É irresistível. Mesmo para quem considera que a célebre frase do filósofo João Pinto ("prognósticos só depois do jogo") encerra um princípio de elementar prudência, a época do ano é contagiante. Se toda a gente manda uns palpites sobre o que vai acontecer em 2013, por que razão não o hei-de eu, também, fazer? Uma boa razão está, agora mesmo, escancarada na página digital do "New York Times": os políticos americanos não se entendem sobre o que fazer. A menos de 24 horas do prazo limite, as divergências parecem insuperáveis e o passo em frente, para o chamado abismo orçamental, inevitável.
Corpo do artigo
Se assim for, o aumento geral nos impostos e os cortes drásticos na despesa, nomeadamente a destinada ao apoio aos desempregados, terão consequências, para os Estados Unidos e para a economia mundial, que quase ninguém se atreve a antecipar. Por isso mesmo, quase todos os analistas admitiam que, mais cedência menos cedência, se chegaria a um acordo. Pode ser que, qual filme de suspense, tal aconteça na 25.ª hora. "Just after time" mas ainda a tempo de evitar o descalabro de uma economia que, mesmo em ritmo mais lento do que todos gostaríamos, era das poucas que ia dando sinais de vida. Não é fácil imaginar cenário pior para começar o ano do que uma recessão nos Estados Unidos. Este facto deveria, só por si, ser suficiente para percebermos que há muitas variáveis, que nós não controlamos minimamente, das quais (também) depende o nosso futuro.
Aqui chegado, tendo decidido ouvir a voz do filósofo, fui dormir na expectativa de que o sono me desse o tema para este escrito semanal. E sonhei. E o que sonhei pede meças a qualquer taróloga. Em 2013, a troika vai ser muito nossa amiga. Bem! Amiga, amiga é como quem diz. Vai achar que continuamos a ser muito diligentes e cumpridores, atentos e veneradores e, como contrapartida, vai baixar as comissões, alargar o período de carência para o reembolso do empréstimo e dar-nos mais um ano para atingirmos o objectivo do défice estrutural acordado. O Governo vai fazer de conta que até não queria mas, "já agora", aceita. Pensando bem, talvez não seja uma previsão assim tão desasada. Schäuble, o ministro alemão das Finanças, já tinha dito a Gaspar que, se fosse preciso, poderíamos contar com uma ajuda. E começa a ser preciso, para nós, e para eles, pois não há maneira de as políticas propostas gerarem um caso de sucesso.
As concessões da tríade acontecerão ainda antes de Abril, relativizando o péssimo desempenho orçamental e evitando a desagregação da coligação, iminente após a desafinação no debate sobre as funções do Estado e as consequentes reduções de despesa.
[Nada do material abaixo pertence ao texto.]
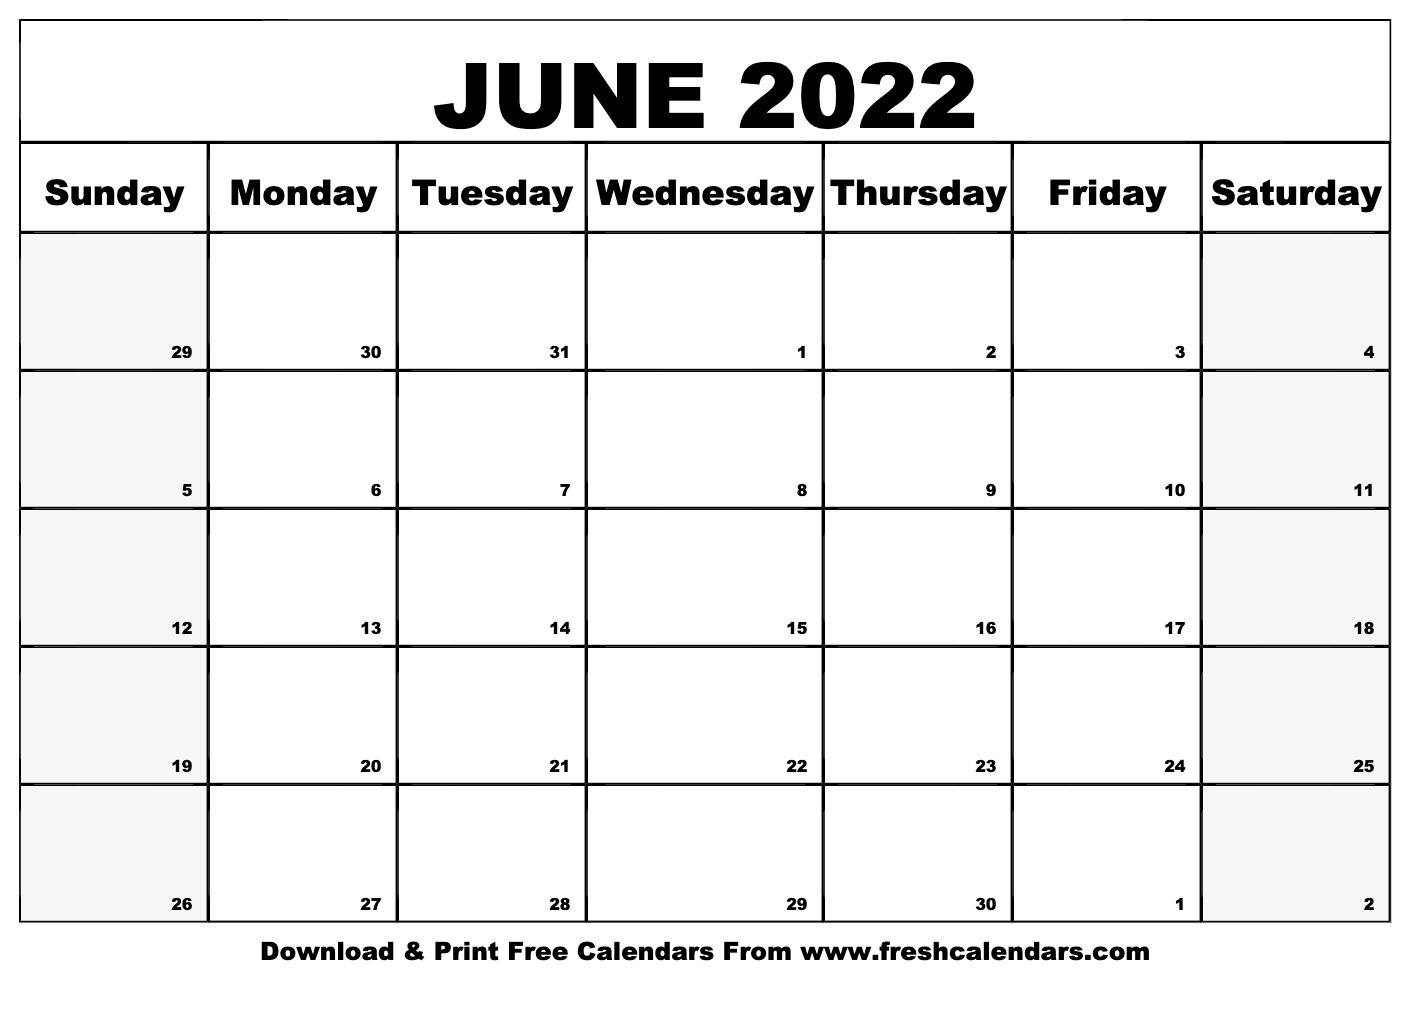 Get Calendar January Through June 2022

Atribuídas ao prestígio e credibilidade de Vítor Gaspar, foram uma maneira de o BCE manter o seu homem de confiança no Governo, numa altura em que, no país e dentro do PSD, crescia a pressão para a sua substituição.
Até meio do ano, a economia não vai ajudar, com as exportações a patinarem e o desemprego a aumentar. Por essa altura, a economia americana terá recuperado do tropeção inicial e o crescimento do mercado interno chinês empurrará a economia mundial para um crescimento mais sustentado.
António José Seguro repetirá que as cedências da troika correspondem ao que sempre havia defendido, clamará vitória, denunciará a incompetência do Governo e a inconsequência das políticas prosseguidas, voltará a anunciar que o PS está pronto para assumir a responsabilidade de governar se o povo lha quiser atribuir e este, está bem de ver, acha que para pior já basta assim.
A Esquerda radical continuará a defender a saída deste Governo, a saída da troika, a saída do euro, uma ou várias saídas para a crise, até à saída do ano.
Por esta altura do sonho (os sonhos têm uma cronologia própria), Pedro combinava com Laura o post no facebook a propósito da Páscoa, com coelhinhos e ovos e tudo. E foi quando acordei. Os americanos continuam sem se entender. Nós, por cá, também não. "Keep calm, carry on" ou, como diria Manuel António Pina, "Não é o fim nem o princípio do Mundo. Calma, é apenas um pouco tarde". Bom Ano!